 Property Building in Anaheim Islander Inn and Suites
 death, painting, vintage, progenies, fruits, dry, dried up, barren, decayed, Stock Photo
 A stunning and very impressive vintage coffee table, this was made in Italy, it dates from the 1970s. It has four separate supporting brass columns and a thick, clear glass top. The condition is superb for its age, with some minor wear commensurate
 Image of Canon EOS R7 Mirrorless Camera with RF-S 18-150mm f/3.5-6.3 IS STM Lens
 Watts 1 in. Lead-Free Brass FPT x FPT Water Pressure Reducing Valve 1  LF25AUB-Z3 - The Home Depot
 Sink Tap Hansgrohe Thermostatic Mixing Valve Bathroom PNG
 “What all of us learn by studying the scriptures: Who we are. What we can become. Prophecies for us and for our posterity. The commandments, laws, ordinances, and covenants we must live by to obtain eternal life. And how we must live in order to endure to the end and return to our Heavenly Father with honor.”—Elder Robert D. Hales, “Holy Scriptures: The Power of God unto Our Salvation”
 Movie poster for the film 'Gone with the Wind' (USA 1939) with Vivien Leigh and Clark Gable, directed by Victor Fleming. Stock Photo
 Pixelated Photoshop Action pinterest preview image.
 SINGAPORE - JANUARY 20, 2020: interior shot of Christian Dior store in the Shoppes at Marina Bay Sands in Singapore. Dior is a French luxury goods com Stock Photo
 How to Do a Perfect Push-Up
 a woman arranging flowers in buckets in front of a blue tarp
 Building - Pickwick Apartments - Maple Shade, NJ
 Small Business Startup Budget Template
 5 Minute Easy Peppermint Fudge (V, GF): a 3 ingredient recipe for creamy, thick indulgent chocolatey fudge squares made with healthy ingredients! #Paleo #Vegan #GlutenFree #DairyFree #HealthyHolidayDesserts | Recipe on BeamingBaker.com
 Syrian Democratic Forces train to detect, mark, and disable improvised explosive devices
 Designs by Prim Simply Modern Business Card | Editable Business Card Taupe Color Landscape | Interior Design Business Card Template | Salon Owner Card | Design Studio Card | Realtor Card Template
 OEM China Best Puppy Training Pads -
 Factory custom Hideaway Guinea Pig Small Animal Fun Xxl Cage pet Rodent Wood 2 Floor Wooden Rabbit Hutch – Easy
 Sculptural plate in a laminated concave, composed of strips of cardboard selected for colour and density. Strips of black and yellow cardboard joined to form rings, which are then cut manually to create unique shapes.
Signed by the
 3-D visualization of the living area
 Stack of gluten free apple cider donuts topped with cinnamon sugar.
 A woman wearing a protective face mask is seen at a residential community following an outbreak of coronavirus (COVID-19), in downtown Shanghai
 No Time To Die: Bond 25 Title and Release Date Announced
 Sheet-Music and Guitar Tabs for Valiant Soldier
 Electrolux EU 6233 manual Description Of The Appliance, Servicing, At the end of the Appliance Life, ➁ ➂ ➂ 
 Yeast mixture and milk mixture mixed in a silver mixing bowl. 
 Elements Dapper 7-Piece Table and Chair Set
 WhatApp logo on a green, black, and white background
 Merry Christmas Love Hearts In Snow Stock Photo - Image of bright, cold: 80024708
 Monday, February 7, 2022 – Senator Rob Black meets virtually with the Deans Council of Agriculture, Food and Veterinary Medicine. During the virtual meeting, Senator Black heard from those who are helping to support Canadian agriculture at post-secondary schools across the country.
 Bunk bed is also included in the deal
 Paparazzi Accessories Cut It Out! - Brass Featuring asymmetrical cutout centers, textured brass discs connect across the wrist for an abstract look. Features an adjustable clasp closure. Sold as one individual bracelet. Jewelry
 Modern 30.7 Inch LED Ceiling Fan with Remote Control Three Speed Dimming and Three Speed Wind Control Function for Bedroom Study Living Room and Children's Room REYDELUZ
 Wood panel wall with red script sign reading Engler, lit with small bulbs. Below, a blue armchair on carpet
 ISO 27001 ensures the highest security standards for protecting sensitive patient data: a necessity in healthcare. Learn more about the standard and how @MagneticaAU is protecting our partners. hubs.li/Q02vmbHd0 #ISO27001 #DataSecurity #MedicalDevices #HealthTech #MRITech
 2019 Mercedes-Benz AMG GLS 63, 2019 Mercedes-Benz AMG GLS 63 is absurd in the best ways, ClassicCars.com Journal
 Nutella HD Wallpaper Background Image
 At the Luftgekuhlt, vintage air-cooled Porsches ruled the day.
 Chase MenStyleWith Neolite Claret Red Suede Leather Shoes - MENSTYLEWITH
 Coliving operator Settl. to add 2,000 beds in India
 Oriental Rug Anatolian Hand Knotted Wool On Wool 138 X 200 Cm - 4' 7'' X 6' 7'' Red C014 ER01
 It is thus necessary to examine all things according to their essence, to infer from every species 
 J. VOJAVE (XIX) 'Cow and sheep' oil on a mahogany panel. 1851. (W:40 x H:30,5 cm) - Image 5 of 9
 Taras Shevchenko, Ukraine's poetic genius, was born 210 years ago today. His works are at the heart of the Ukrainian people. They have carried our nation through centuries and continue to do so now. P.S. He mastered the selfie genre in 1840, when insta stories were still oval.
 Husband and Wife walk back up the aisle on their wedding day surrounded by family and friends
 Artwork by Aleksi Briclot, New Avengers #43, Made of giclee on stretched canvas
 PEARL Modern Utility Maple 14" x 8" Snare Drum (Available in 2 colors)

- **PROBLEM STATEMENT**
Line by line, please copy the records above exactly.

- **RESPONSE TO THIS EXERCISE**
 Property Building in Anaheim Islander Inn and Suites
 death, painting, vintage, progenies, fruits, dry, dried up, barren, decayed, Stock Photo
 A stunning and very impressive vintage coffee table, this was made in Italy, it dates from the 1970s. It has four separate supporting brass columns and a thick, clear glass top. The condition is superb for its age, with some minor wear commensurate
 Image of Canon EOS R7 Mirrorless Camera with RF-S 18-150mm f/3.5-6.3 IS STM Lens
 Watts 1 in. Lead-Free Brass FPT x FPT Water Pressure Reducing Valve 1  LF25AUB-Z3 - The Home Depot
 Sink Tap Hansgrohe Thermostatic Mixing Valve Bathroom PNG
 “What all of us learn by studying the scriptures: Who we are. What we can become. Prophecies for us and for our posterity. The commandments, laws, ordinances, and covenants we must live by to obtain eternal life. And how we must live in order to endure to the end and return to our Heavenly Father with honor.”—Elder Robert D. Hales, “Holy Scriptures: The Power of God unto Our Salvation”
 Movie poster for the film 'Gone with the Wind' (USA 1939) with Vivien Leigh and Clark Gable, directed by Victor Fleming. Stock Photo
 Pixelated Photoshop Action pinterest preview image.
 SINGAPORE - JANUARY 20, 2020: interior shot of Christian Dior store in the Shoppes at Marina Bay Sands in Singapore. Dior is a French luxury goods com Stock Photo
 How to Do a Perfect Push-Up
 a woman arranging flowers in buckets in front of a blue tarp
 Building - Pickwick Apartments - Maple Shade, NJ
 Small Business Startup Budget Template
 5 Minute Easy Peppermint Fudge (V, GF): a 3 ingredient recipe for creamy, thick indulgent chocolatey fudge squares made with healthy ingredients! #Paleo #Vegan #GlutenFree #DairyFree #HealthyHolidayDesserts | Recipe on BeamingBaker.com
 Syrian Democratic Forces train to detect, mark, and disable improvised explosive devices
 Designs by Prim Simply Modern Business Card | Editable Business Card Taupe Color Landscape | Interior Design Business Card Template | Salon Owner Card | Design Studio Card | Realtor Card Template
 OEM China Best Puppy Training Pads -
 Factory custom Hideaway Guinea Pig Small Animal Fun Xxl Cage pet Rodent Wood 2 Floor Wooden Rabbit Hutch – Easy
 Sculptural plate in a laminated concave, composed of strips of cardboard selected for colour and density. Strips of black and yellow cardboard joined to form rings, which are then cut manually to create unique shapes.
Signed by the
 3-D visualization of the living area
 Stack of gluten free apple cider donuts topped with cinnamon sugar.
 A woman wearing a protective face mask is seen at a residential community following an outbreak of coronavirus (COVID-19), in downtown Shanghai
 No Time To Die: Bond 25 Title and Release Date Announced
 Sheet-Music and Guitar Tabs for Valiant Soldier
 Electrolux EU 6233 manual Description Of The Appliance, Servicing, At the end of the Appliance Life, ➁ ➂ ➂ 
 Yeast mixture and milk mixture mixed in a silver mixing bowl. 
 Elements Dapper 7-Piece Table and Chair Set
 WhatApp logo on a green, black, and white background
 Merry Christmas Love Hearts In Snow Stock Photo - Image of bright, cold: 80024708
 Monday, February 7, 2022 – Senator Rob Black meets virtually with the Deans Council of Agriculture, Food and Veterinary Medicine. During the virtual meeting, Senator Black heard from those who are helping to support Canadian agriculture at post-secondary schools across the country.
 Bunk bed is also included in the deal
 Paparazzi Accessories Cut It Out! - Brass Featuring asymmetrical cutout centers, textured brass discs connect across the wrist for an abstract look. Features an adjustable clasp closure. Sold as one individual bracelet. Jewelry
 Modern 30.7 Inch LED Ceiling Fan with Remote Control Three Speed Dimming and Three Speed Wind Control Function for Bedroom Study Living Room and Children's Room REYDELUZ
 Wood panel wall with red script sign reading Engler, lit with small bulbs. Below, a blue armchair on carpet
 ISO 27001 ensures the highest security standards for protecting sensitive patient data: a necessity in healthcare. Learn more about the standard and how @MagneticaAU is protecting our partners. hubs.li/Q02vmbHd0 #ISO27001 #DataSecurity #MedicalDevices #HealthTech #MRITech
 2019 Mercedes-Benz AMG GLS 63, 2019 Mercedes-Benz AMG GLS 63 is absurd in the best ways, ClassicCars.com Journal
 Nutella HD Wallpaper Background Image
 At the Luftgekuhlt, vintage air-cooled Porsches ruled the day.
 Chase MenStyleWith Neolite Claret Red Suede Leather Shoes - MENSTYLEWITH
 Coliving operator Settl. to add 2,000 beds in India
 Oriental Rug Anatolian Hand Knotted Wool On Wool 138 X 200 Cm - 4' 7'' X 6' 7'' Red C014 ER01
 It is thus necessary to examine all things according to their essence, to infer from every species 
 J. VOJAVE (XIX) 'Cow and sheep' oil on a mahogany panel. 1851. (W:40 x H:30,5 cm) - Image 5 of 9
 Taras Shevchenko, Ukraine's poetic genius, was born 210 years ago today. His works are at the heart of the Ukrainian people. They have carried our nation through centuries and continue to do so now. P.S. He mastered the selfie genre in 1840, when insta stories were still oval.
 Husband and Wife walk back up the aisle on their wedding day surrounded by family and friends
 Artwork by Aleksi Briclot, New Avengers #43, Made of giclee on stretched canvas
 PEARL Modern Utility Maple 14" x 8" Snare Drum (Available in 2 colors)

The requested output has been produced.